# PROBLEM DESCRIPTION
Copy the lines below as they are; omit the images they contain.

# GIVEN MATERIAL
# # # #
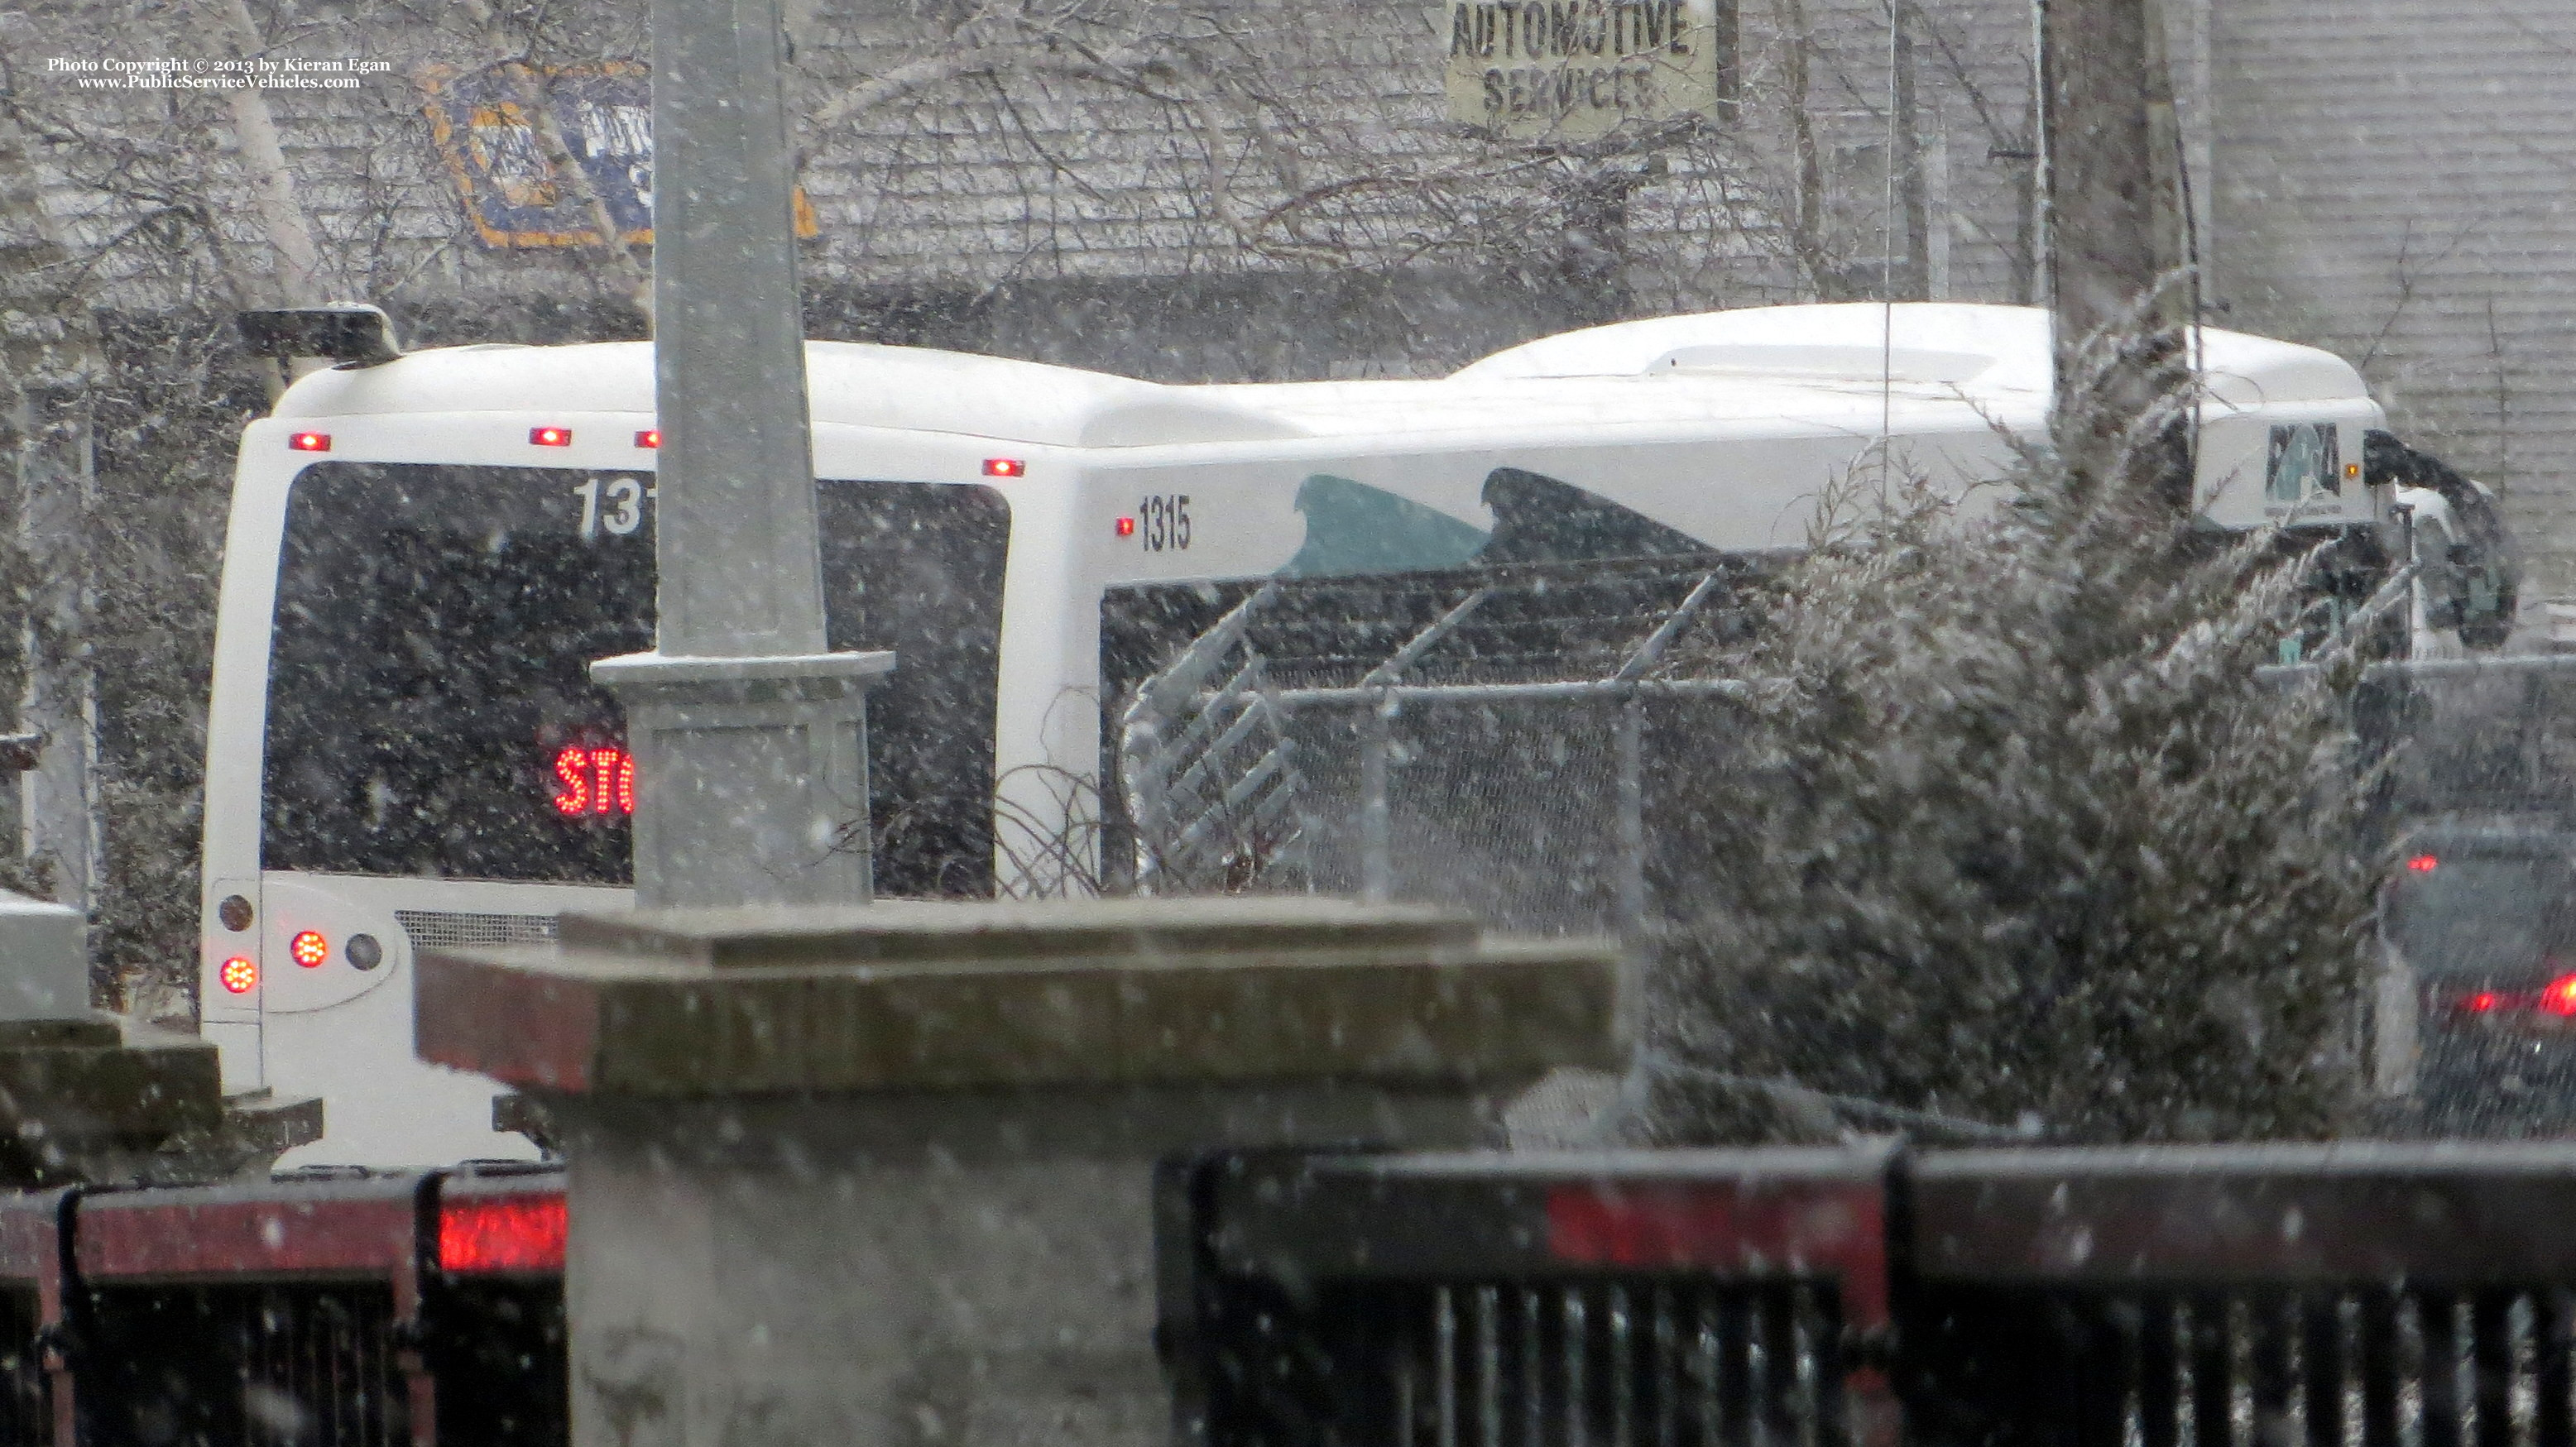 A photo  of Rhode Island Public Transit Authority
            Bus 1315, a 2013 Gillig BRT             taken by Kieran Egan
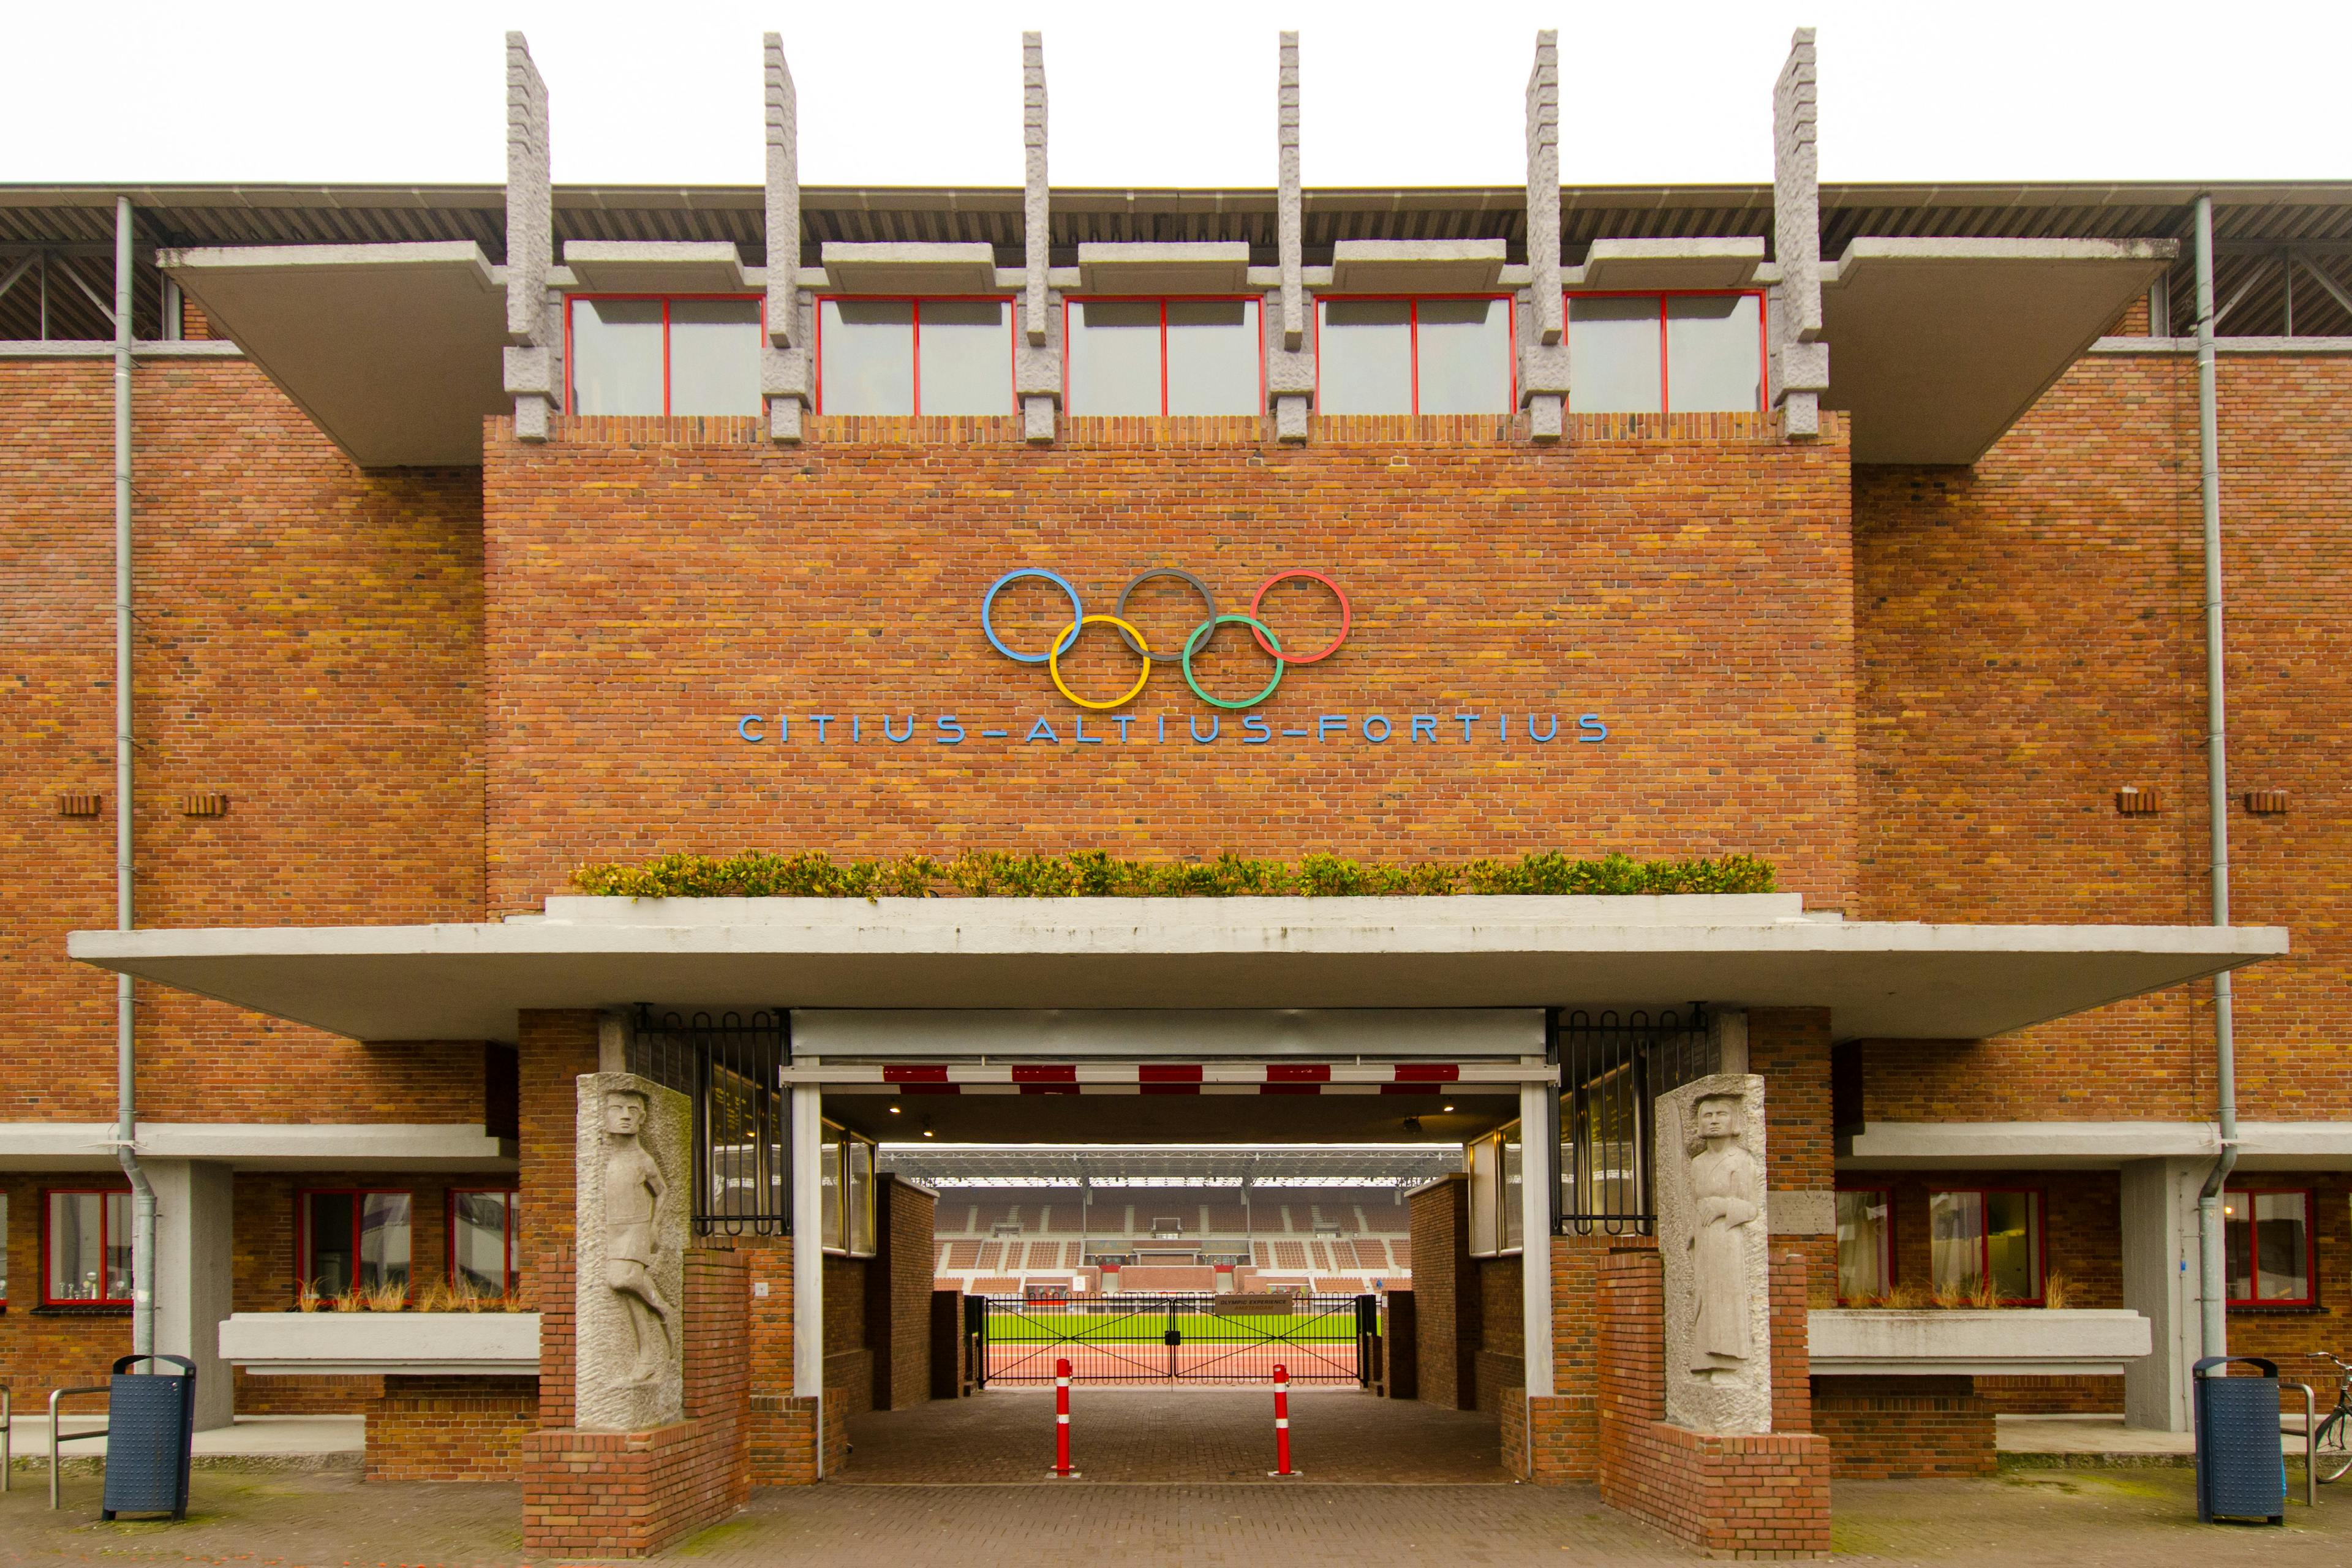 Olympic Stadium Amsterdam
# # # #
# OUTPUT BELOW
 A photo  of Rhode Island Public Transit Authority
            Bus 1315, a 2013 Gillig BRT             taken by Kieran Egan
 Olympic Stadium Amsterdam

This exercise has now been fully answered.